Task » Return the full listing character for character, without its pictures.

Data »
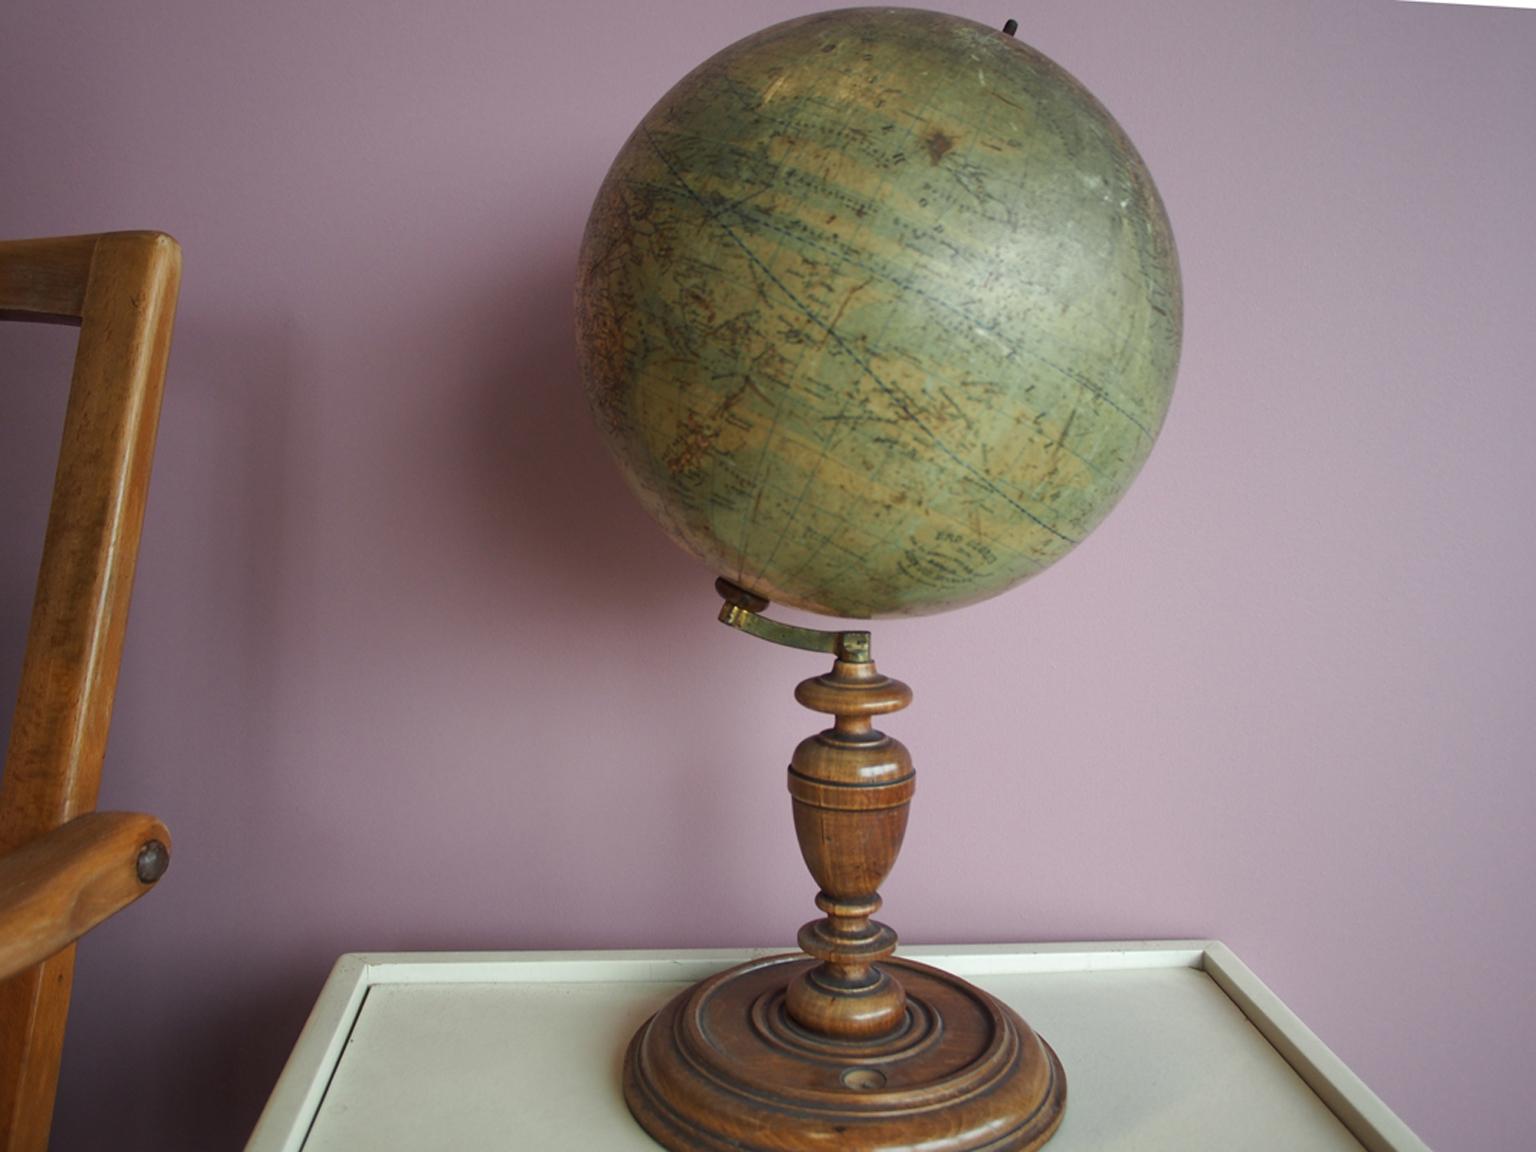 A beautiful, small earth globe with compass.

Ludwig Julius Heymann, former bookseller from Breslau moved to Berlin in 1861 and started 1883 under the company name 
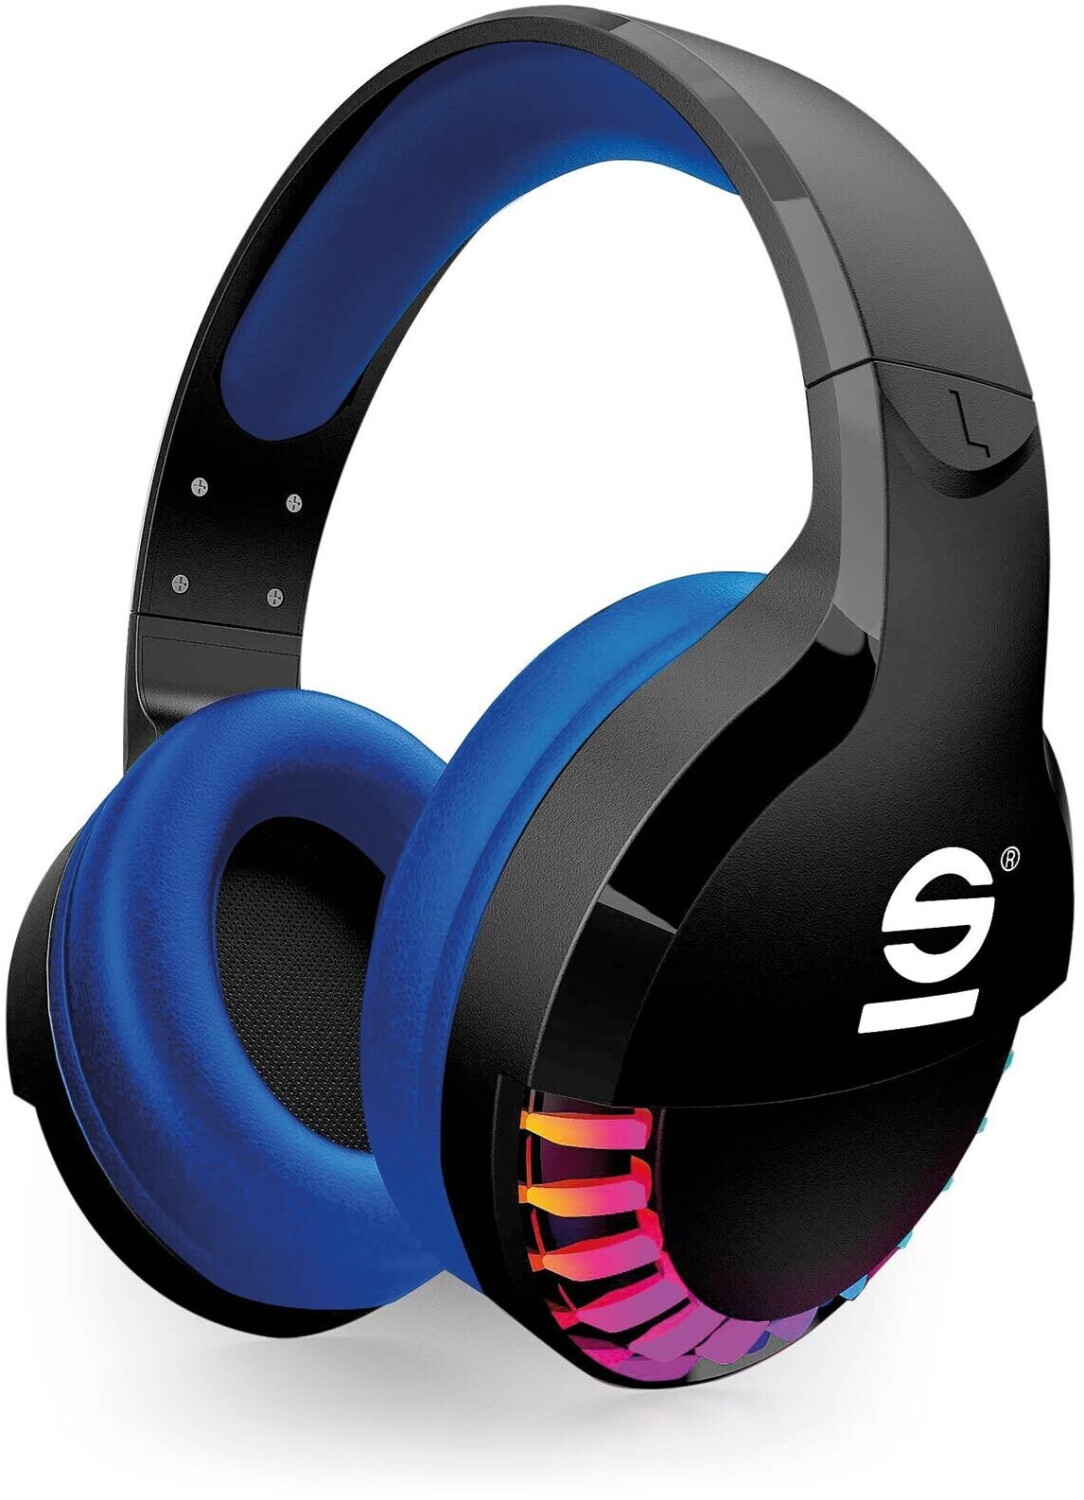 Celly SPEED [SPARCO COLLECTION] Cuffie Gaming wireless a € 34,49 (oggi)

Exercise output »
 A beautiful, small earth globe with compass.

Ludwig Julius Heymann, former bookseller from Breslau moved to Berlin in 1861 and started 1883 under the company name 
 Celly SPEED [SPARCO COLLECTION] Cuffie Gaming wireless a € 34,49 (oggi)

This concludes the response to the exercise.